Code for [NeurIPS 2024 Paper] CLUES🔍: Collaborative Private-domain High-quality Data Selection for LLMs via Training Dynamics
CLUES🔍 aims to evaluate and optimize data quality for large language models (LLMs) in the collaborative setting (including model merging and federated learning). The project includes three main steps:
- Original model training with raw data (mixed-quality data)

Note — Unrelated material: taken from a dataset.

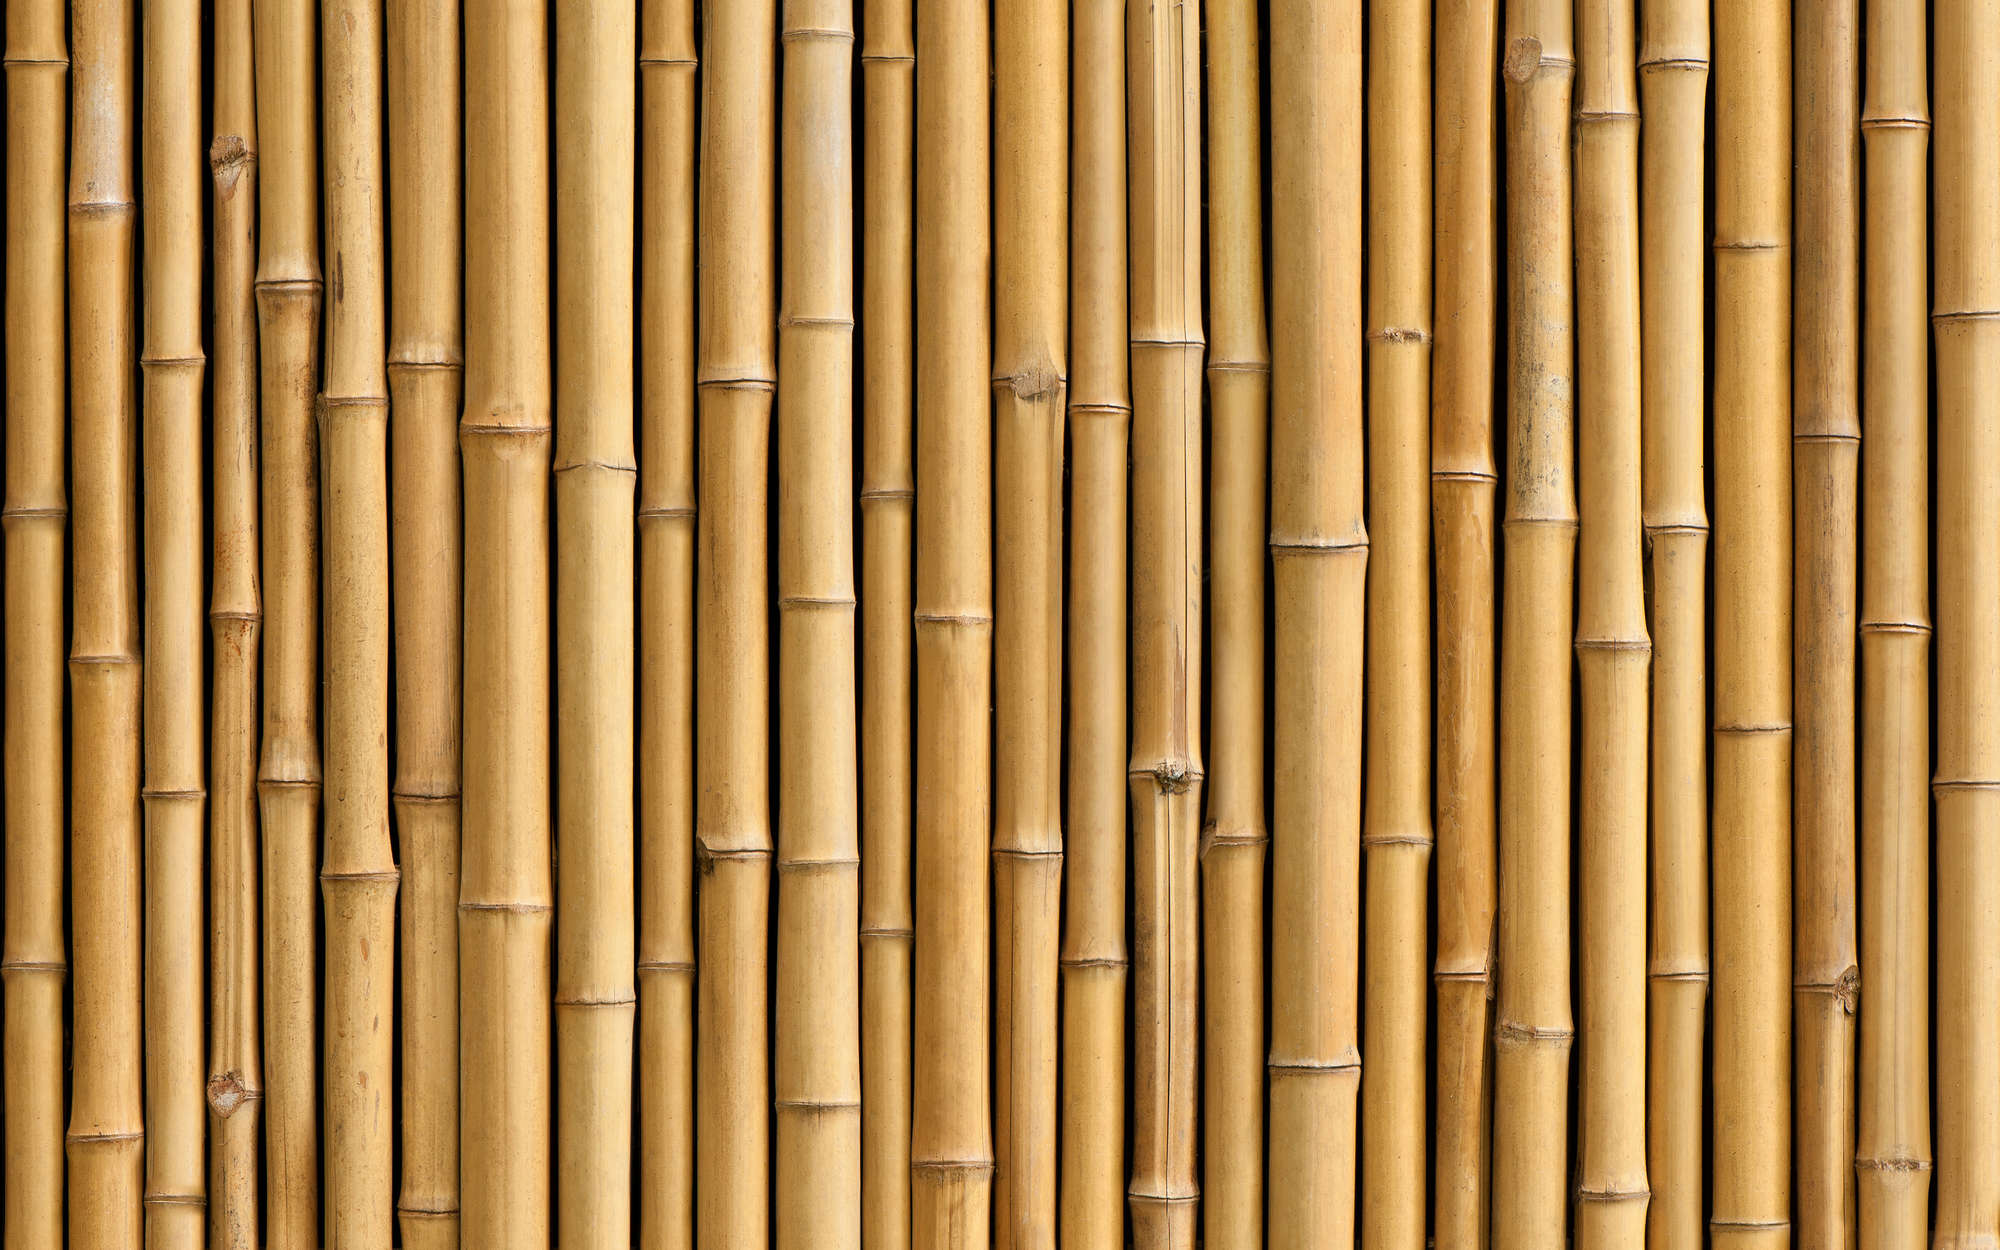             Bamboo Wall Mural in Beige - Textured Non-woven

- Data scoring and selection with global threshold <CLUES🔍>
- Collaborative model training and merging with selected data (high-quality)
conda env create --file environment.yaml --name <your_env_name>
Run the following script to fine-tune the model:
sh finetune.sh
Run the scoring.py script to calculate gradients and data scores, and select data based on the calculations:
sh Scoring.sh
- You can change "output_notation" to select gradients of different layers and submodules.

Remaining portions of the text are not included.